YOUR GOAL
For this exercise, retype all the data exactly and exclude every image.

::: AVAILABLE DATA :::

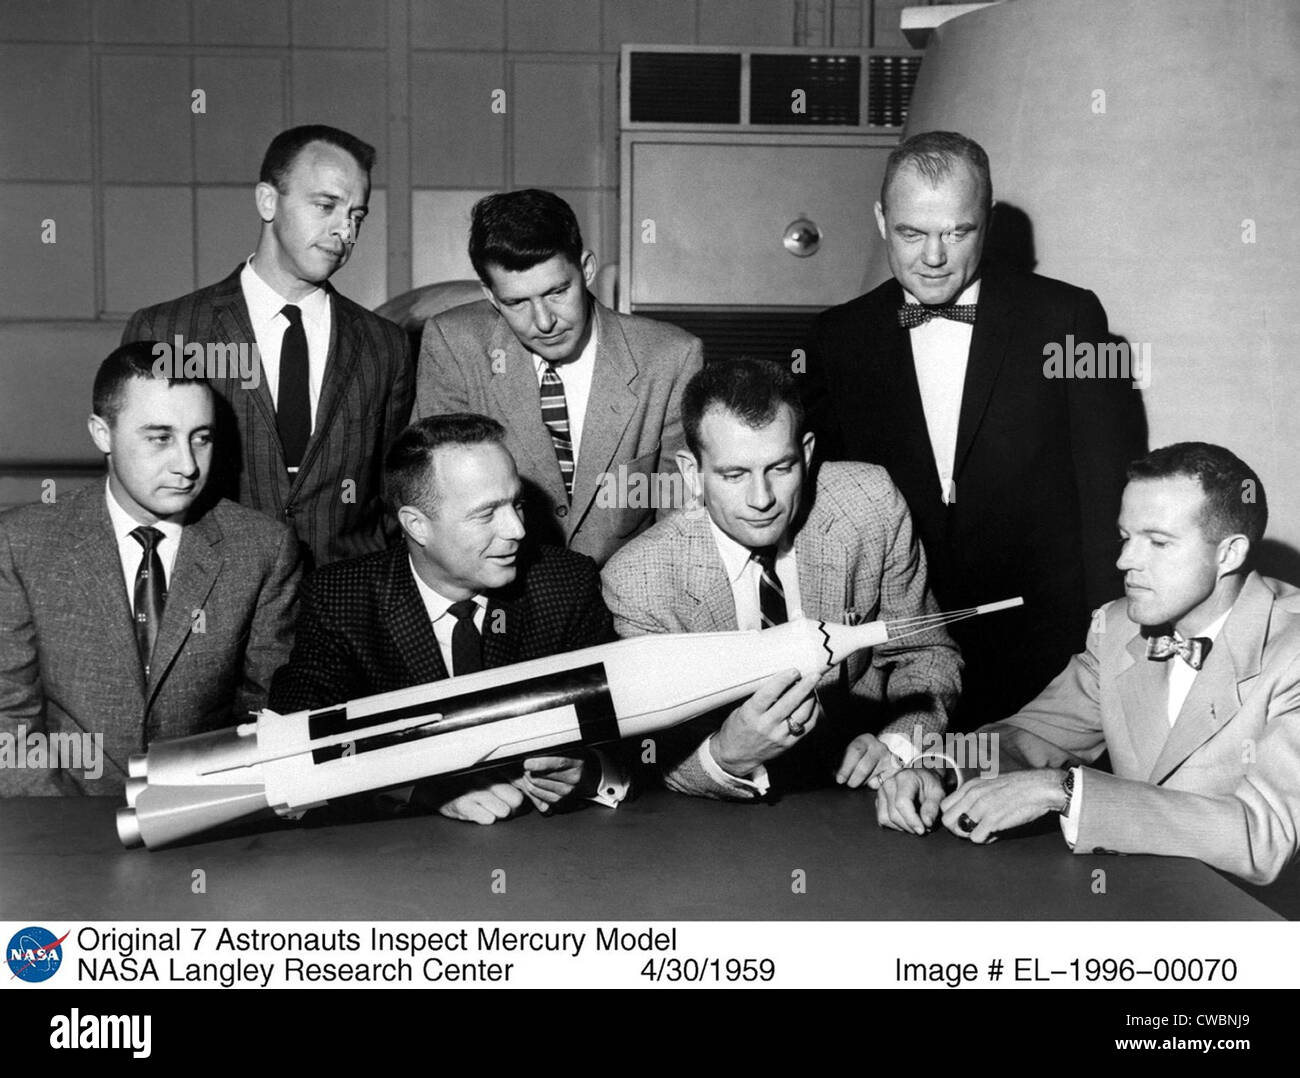 Progetto astronauti Mercury ispezionare modello Mercury dopo che essi sono stati introdotti al pubblico americano in aprile 1959. Da sinistra, Foto Stock
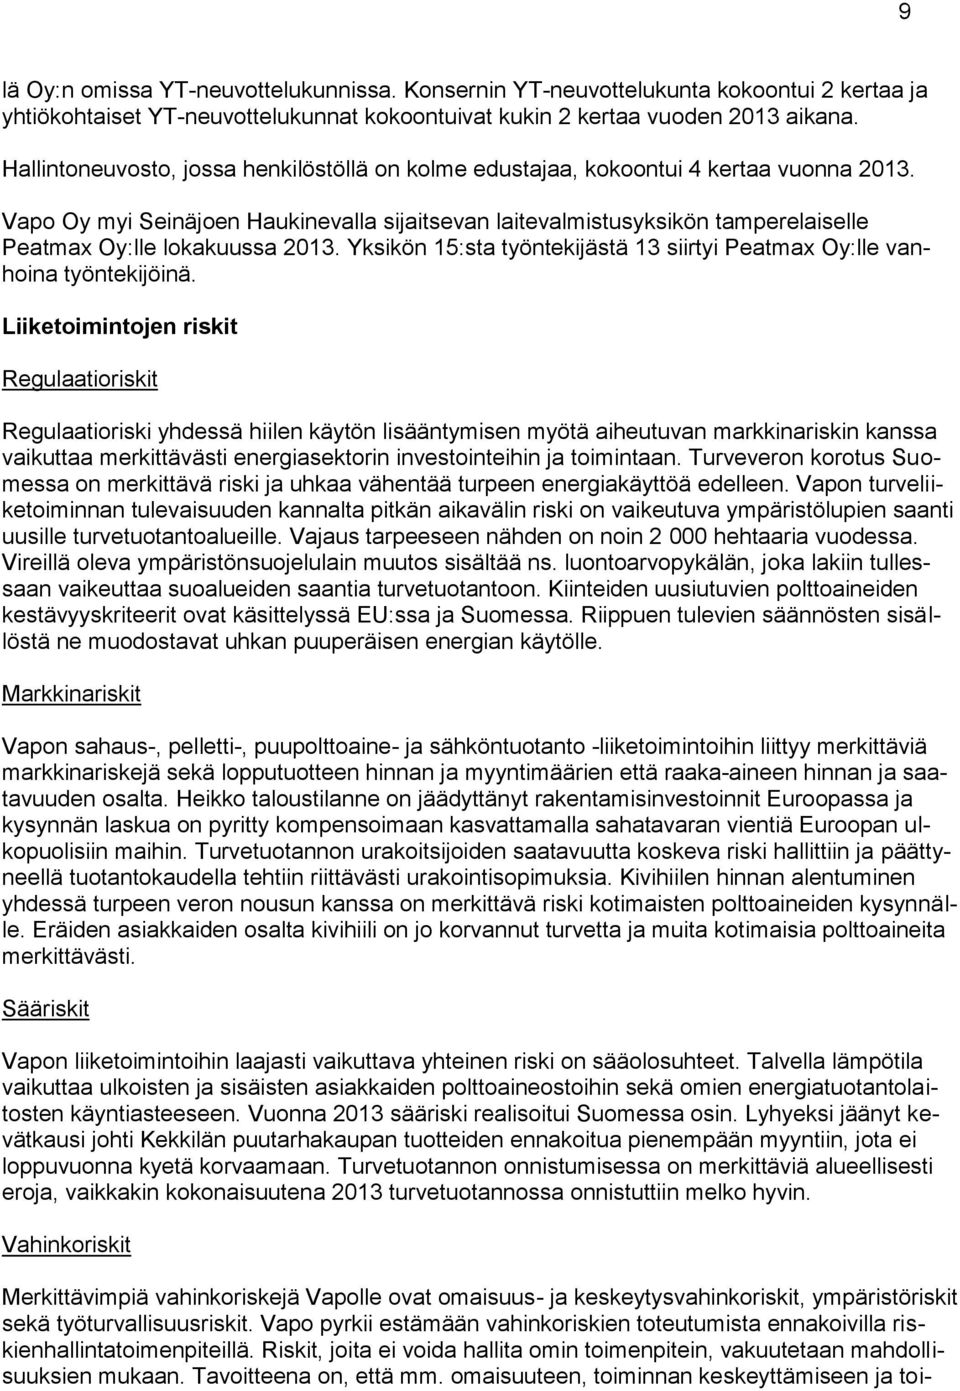 Vapo Oy myi Seinäjoen Haukinevalla sijaitsevan laitevalmistusyksikön tamperelaiselle Peatmax Oy:lle lokakuussa 2013. Yksikön 15:sta työntekijästä 13 siirtyi Peatmax Oy:lle vanhoina työntekijöinä.
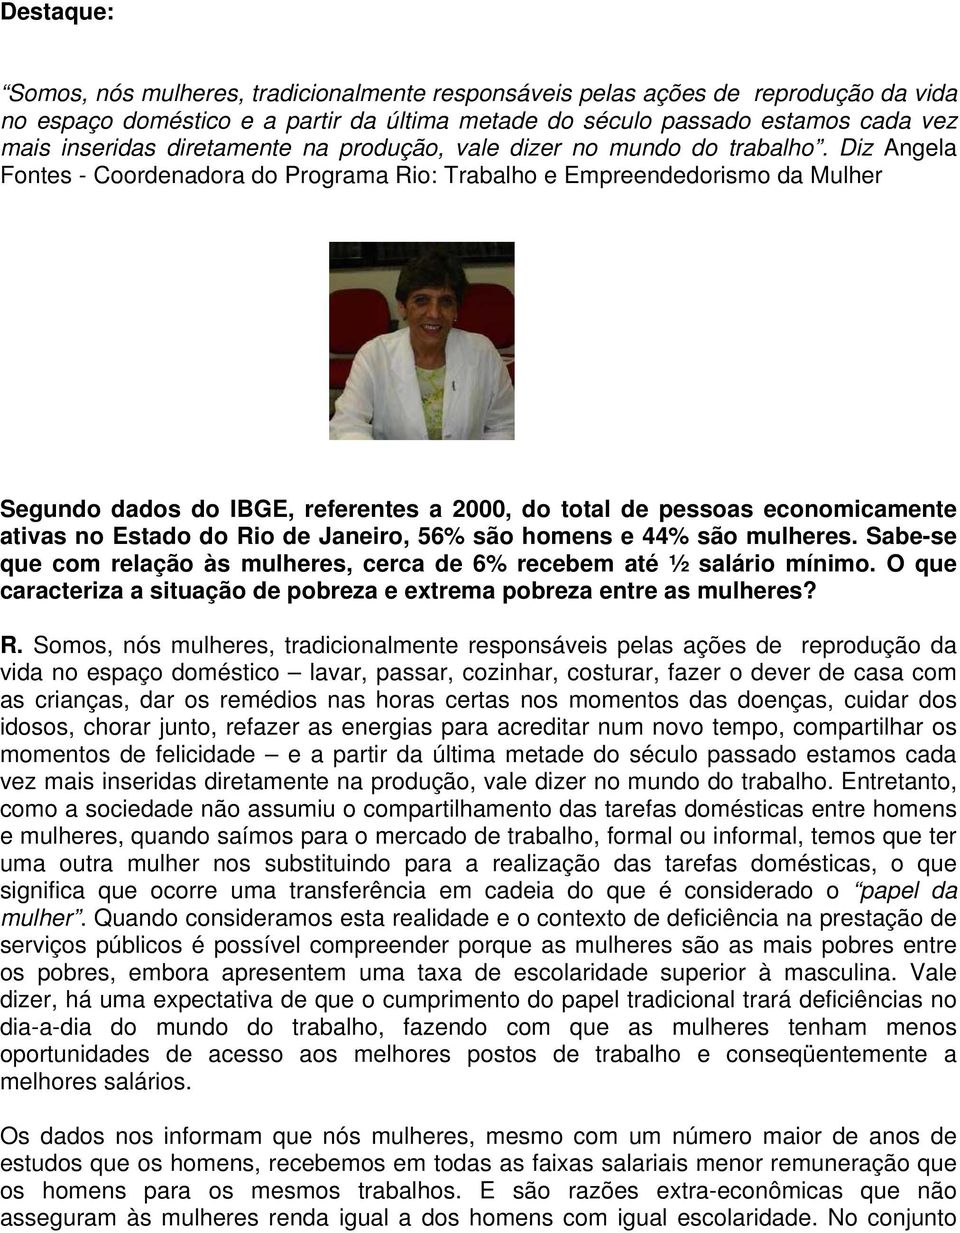 Diz Angela Fontes - Coordenadora do Programa Rio: Trabalho e Empreendedorismo da Mulher Segundo dados do IBGE, referentes a 2000, do total de pessoas economicamente ativas no Estado do Rio de
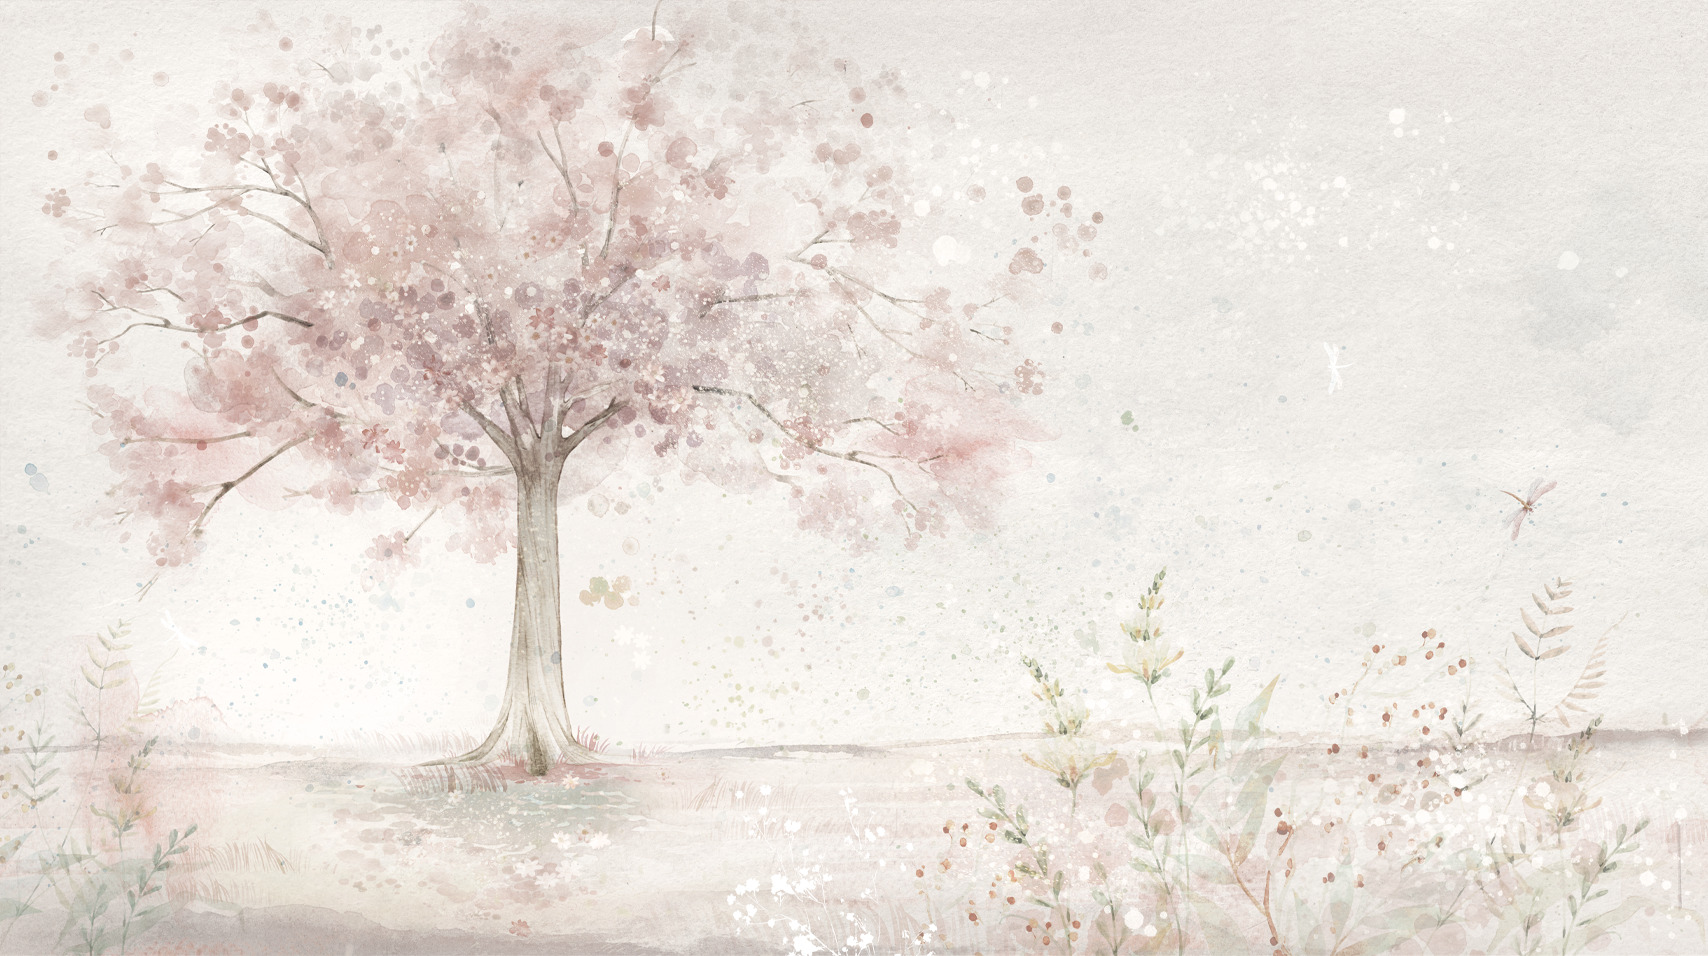 Tapeta w pastelowym, pudrowym kolorze z kwiatami i drzewem

:::

TASK ANSWER
 Progetto astronauti Mercury ispezionare modello Mercury dopo che essi sono stati introdotti al pubblico americano in aprile 1959. Da sinistra, Foto Stock
 Vapo Oy myi Seinäjoen Haukinevalla sijaitsevan laitevalmistusyksikön tamperelaiselle Peatmax Oy:lle lokakuussa 2013. Yksikön 15:sta työntekijästä 13 siirtyi Peatmax Oy:lle vanhoina työntekijöinä.
 Diz Angela Fontes - Coordenadora do Programa Rio: Trabalho e Empreendedorismo da Mulher Segundo dados do IBGE, referentes a 2000, do total de pessoas economicamente ativas no Estado do Rio de
 Tapeta w pastelowym, pudrowym kolorze z kwiatami i drzewem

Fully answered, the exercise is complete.